- Devagiri Location in Karnataka, India Devagiri Devagiri (India)
- Coordinates: 14°51′00″N 75°22′19″E﻿ / ﻿14.850°N 75.372°E
- Country: India
- State: Karnataka
- District: Haveri
- Taluk: Haveri

Government
- • Body: Gram Panchayat

Area
- • Total: 27.56 km^{2} (10.64 sq mi)

Population (2011)
- • Total: 8,826
- • Density: 320/km^{2} (830/sq mi)

Languages
- • Official: Kannada
- Time zone: UTC+5:30 (IST)
- PIN: 581 110
- Telephone code: 08375
- ISO 3166 code: IN-KA
- Vehicle registration: KA-27
- Sex ratio (2011): 992 ♀/1000 ♂
- Website: haveri.nic.in

= Devagiri, Karnataka =

Village in Karnataka, India

Devagiri is the largest village in Haveri Taluk of Haveri district in the Indian state of Karnataka. It is about 7.5 km north from the Haveri city in NH-4. Local language is Kannada.

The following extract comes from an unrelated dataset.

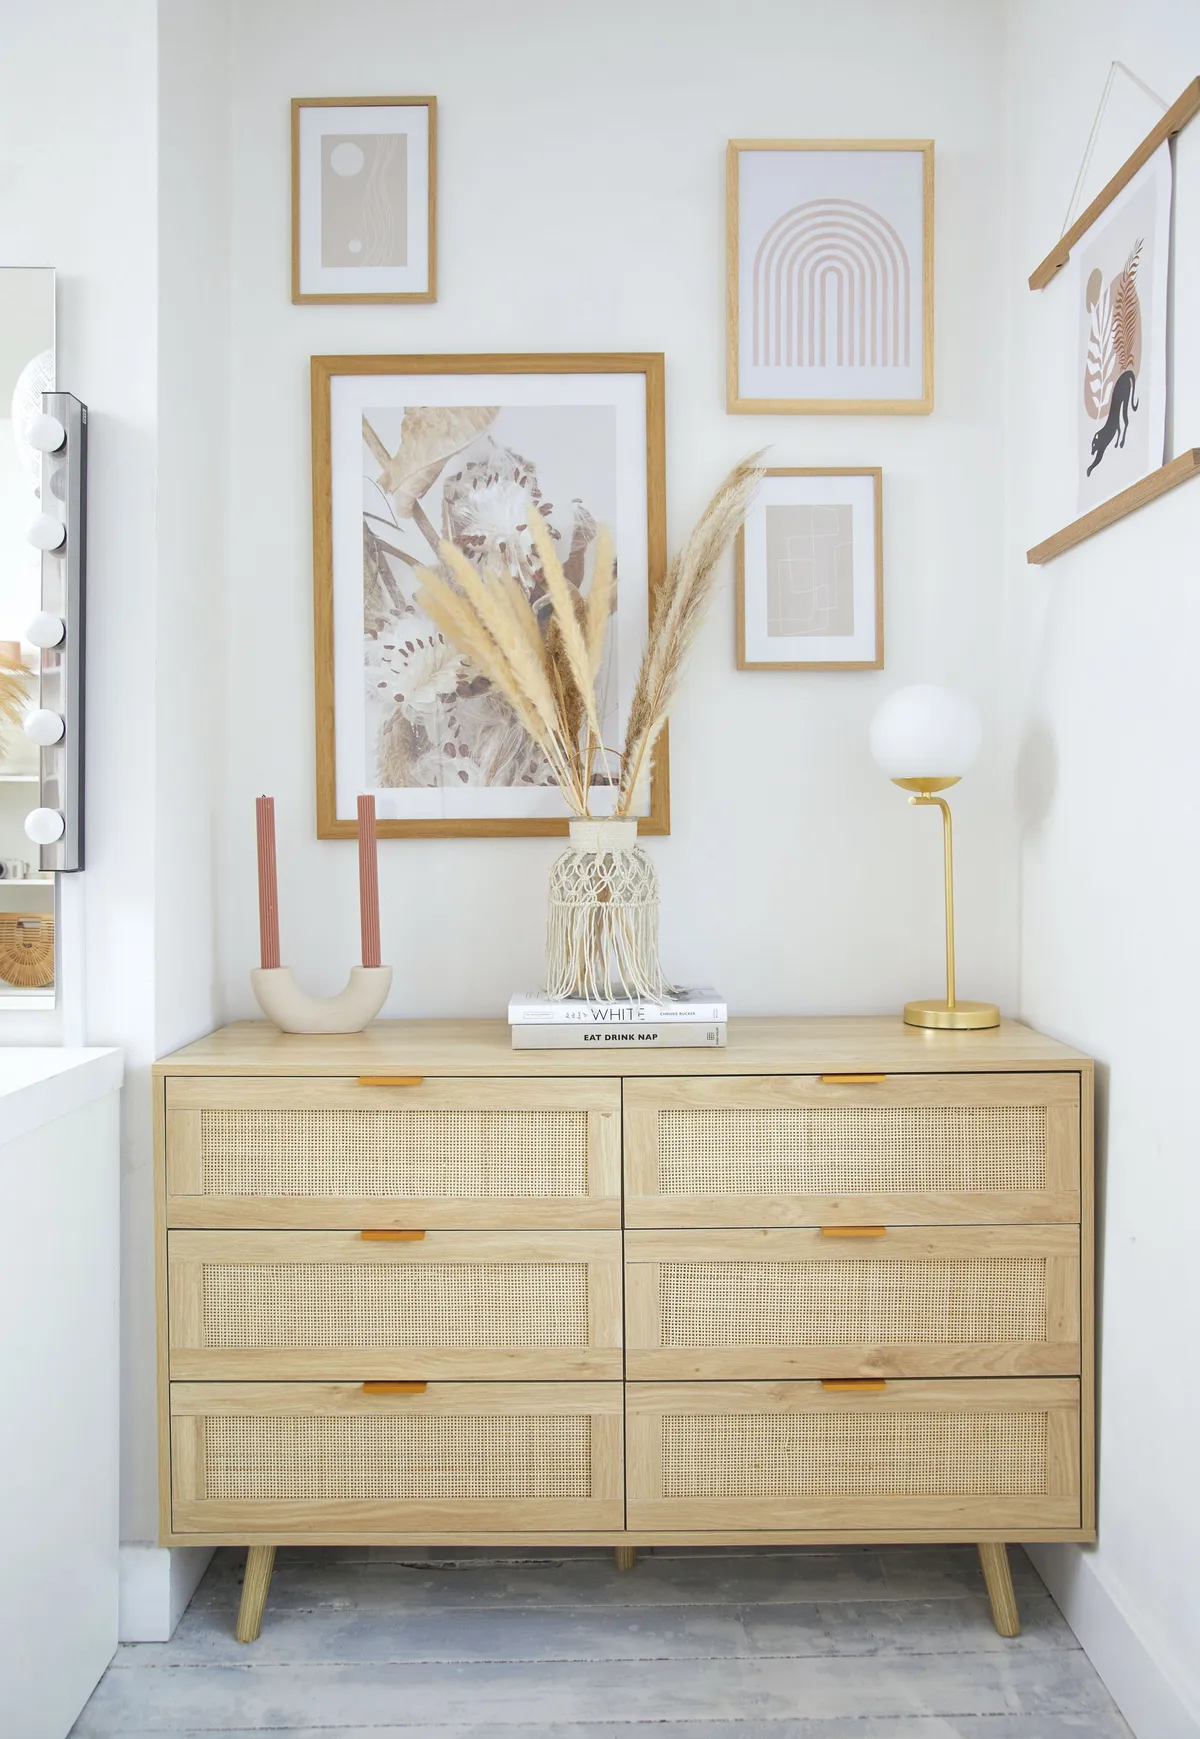 ‘I love a gallery wall and choose prints with colours that suit each room. I wanted light pink and neutral tones in here, and played around with scale for a less structured feel’

Total population of Devagiri is 8,826. Its sex ratio is 992 women for every 1000 men.

== Etymology ==

Although there are no clear answers to the derivation, the most popular belief is that the hill in the village upon which the village's major deity Girimalleshwara is placed is the reason for the name Devagiri, where Deva means deity and Giri means hill.

== Notable people ==

- Puttaraj Gawai was born here in 1914.